# [Instructions to follow]
Restate the listing below word for word, pictures excluded.
------ Recorded information ------
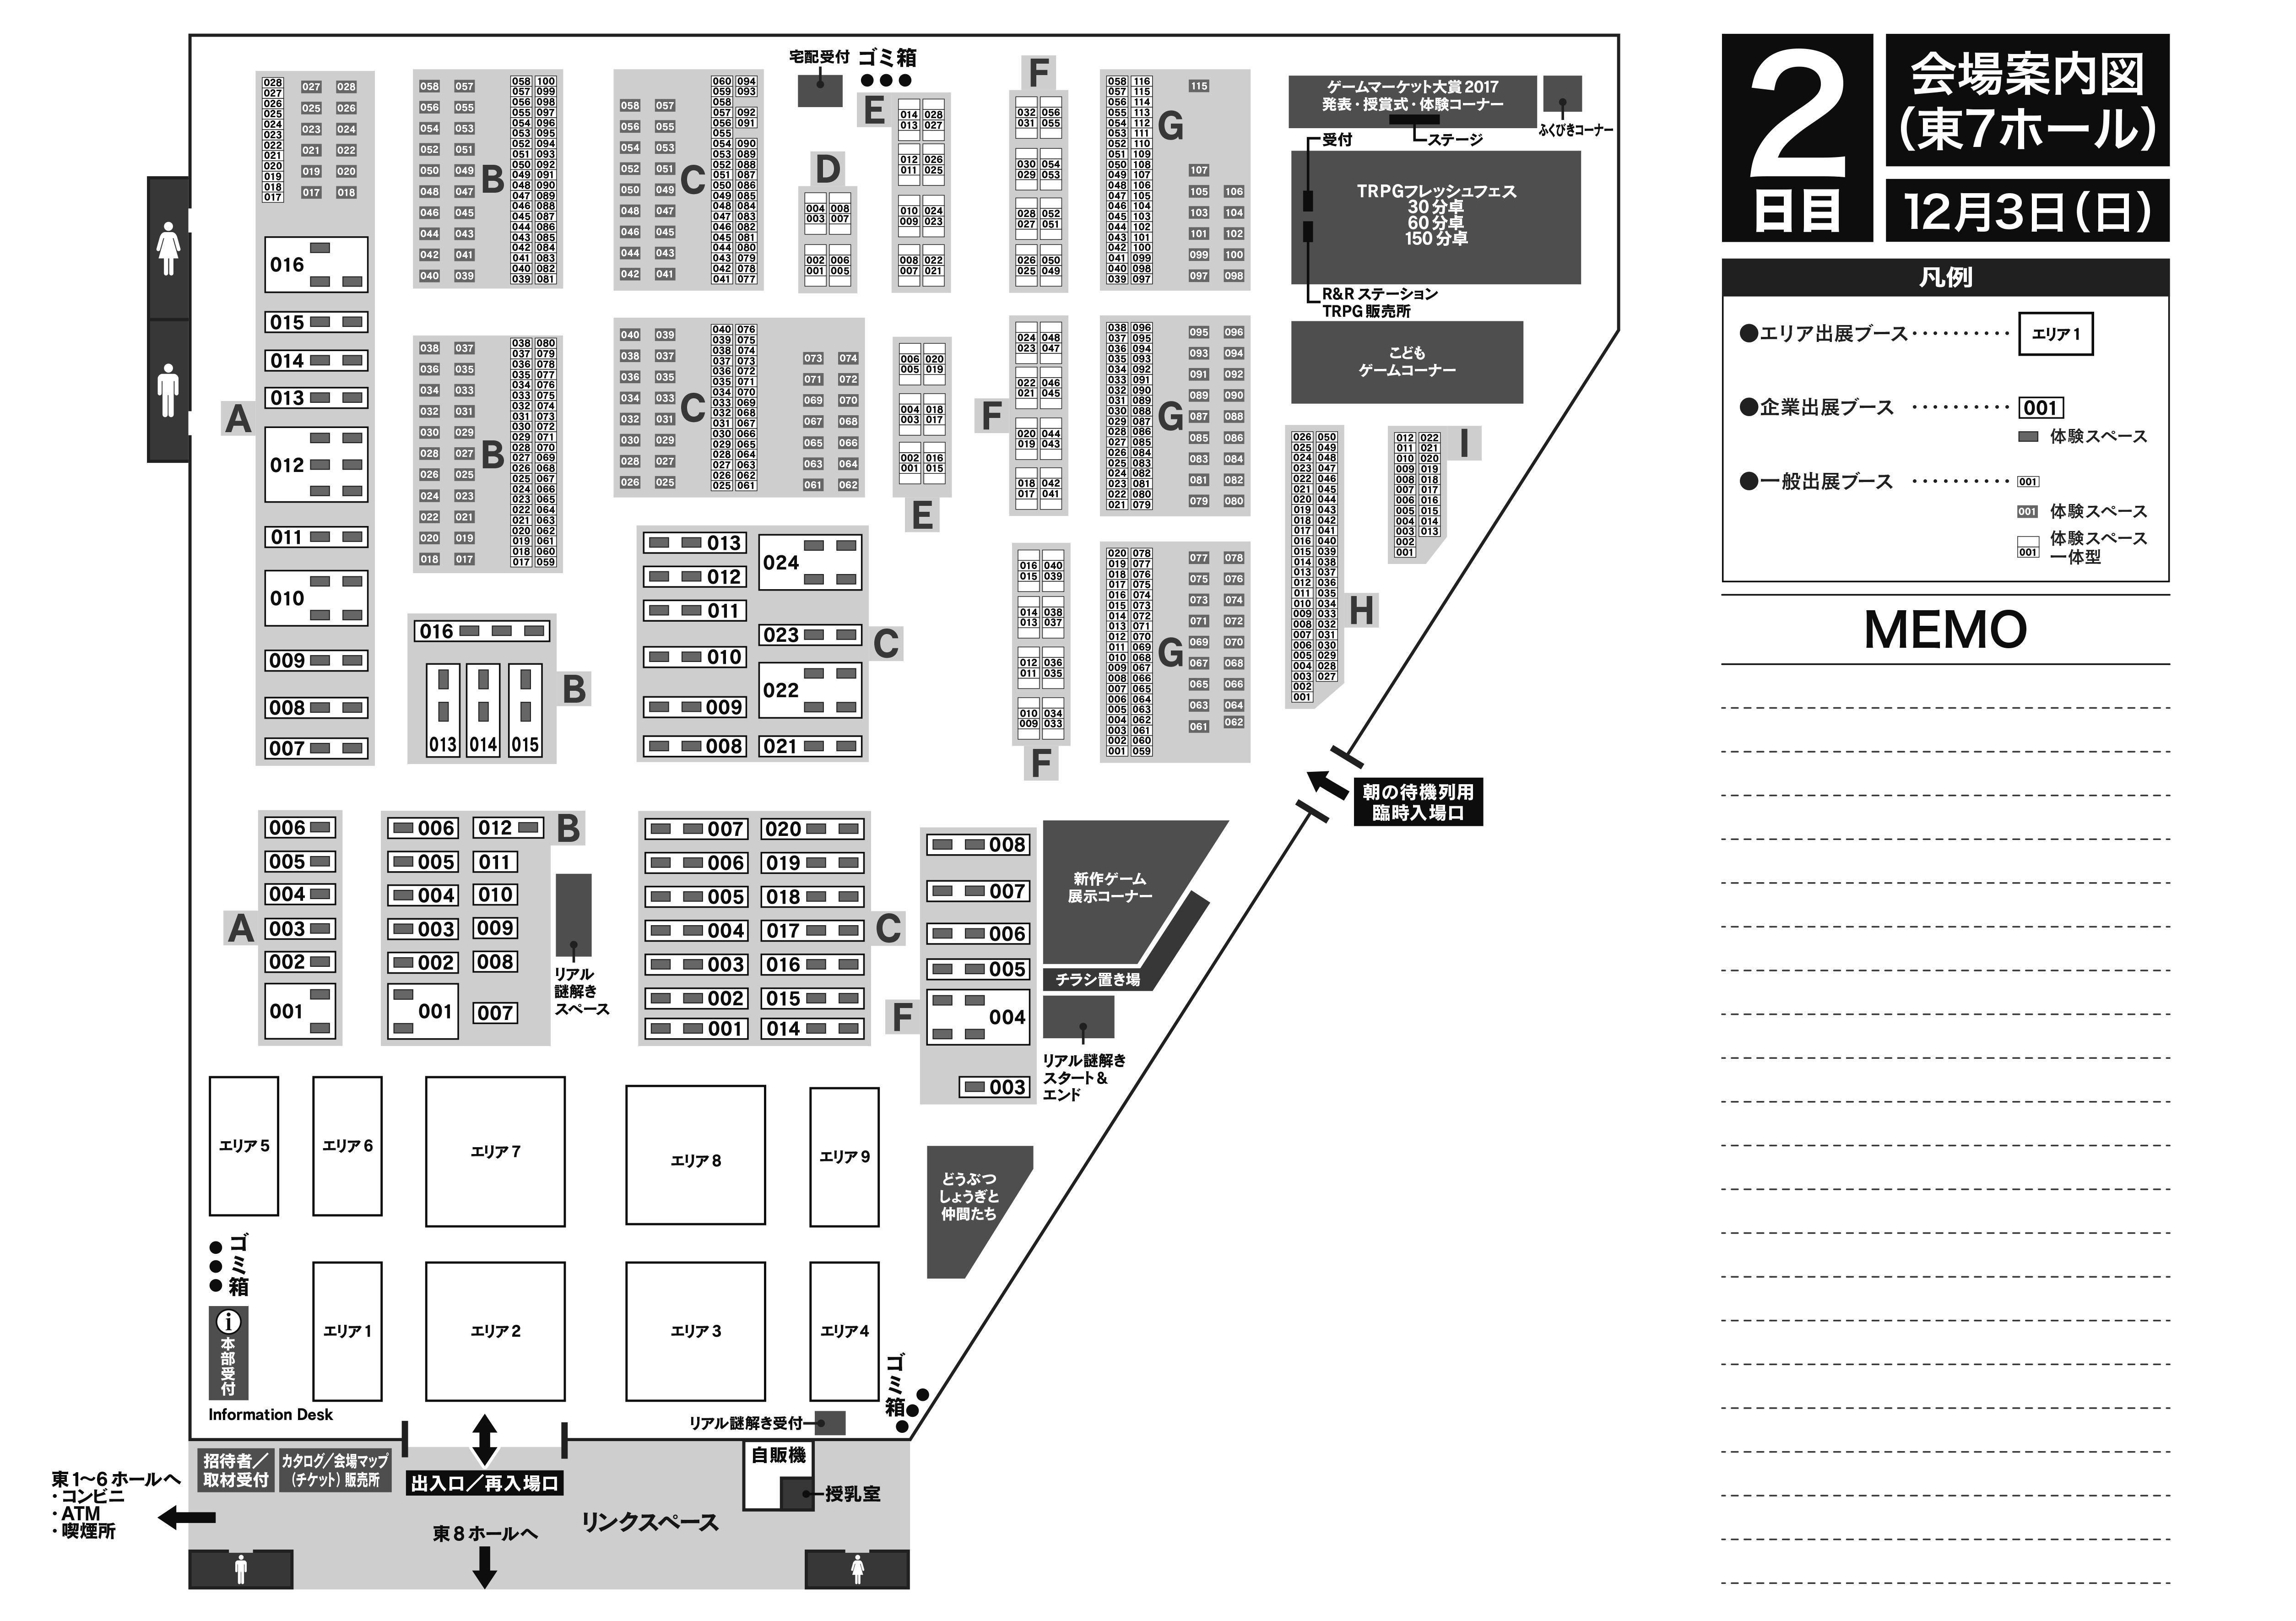 東京ビッグサイト 7ホール 2日目(12/3) ホールマップ
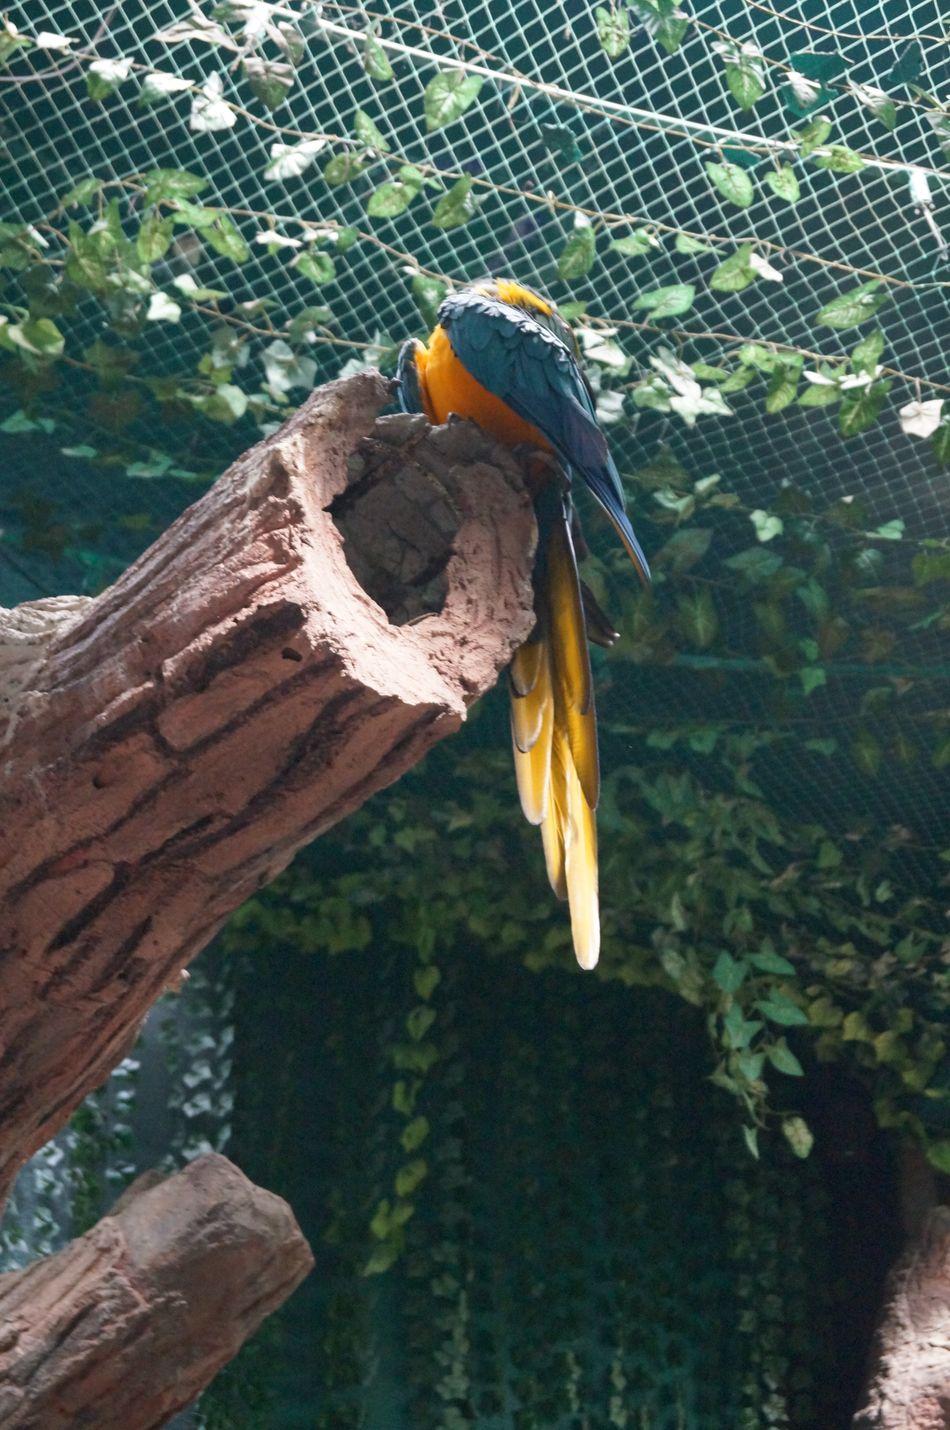 #Amarillo #animal #Azul #birds #Blue #captivity #guacamaya #macaw #naturecolors #park #Pets #yellow
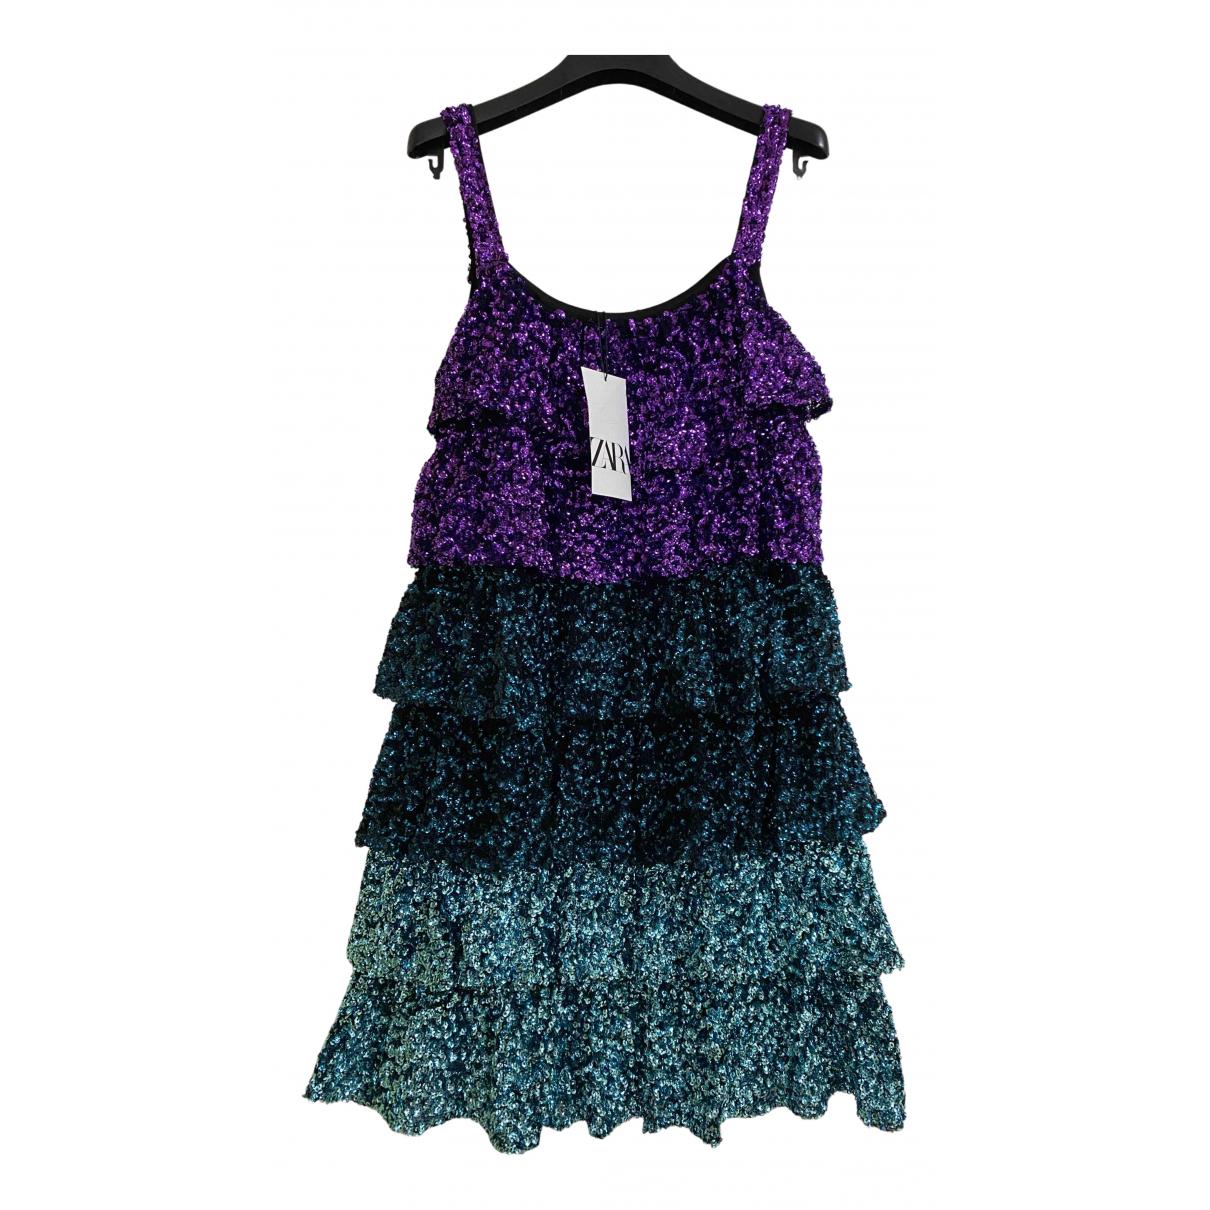 Zara - Robe   pour femme en a paillettes - turquoise
------
# [Solution for this problem]
 東京ビッグサイト 7ホール 2日目(12/3) ホールマップ
 #Amarillo #animal #Azul #birds #Blue #captivity #guacamaya #macaw #naturecolors #park #Pets #yellow
 Zara - Robe   pour femme en a paillettes - turquoise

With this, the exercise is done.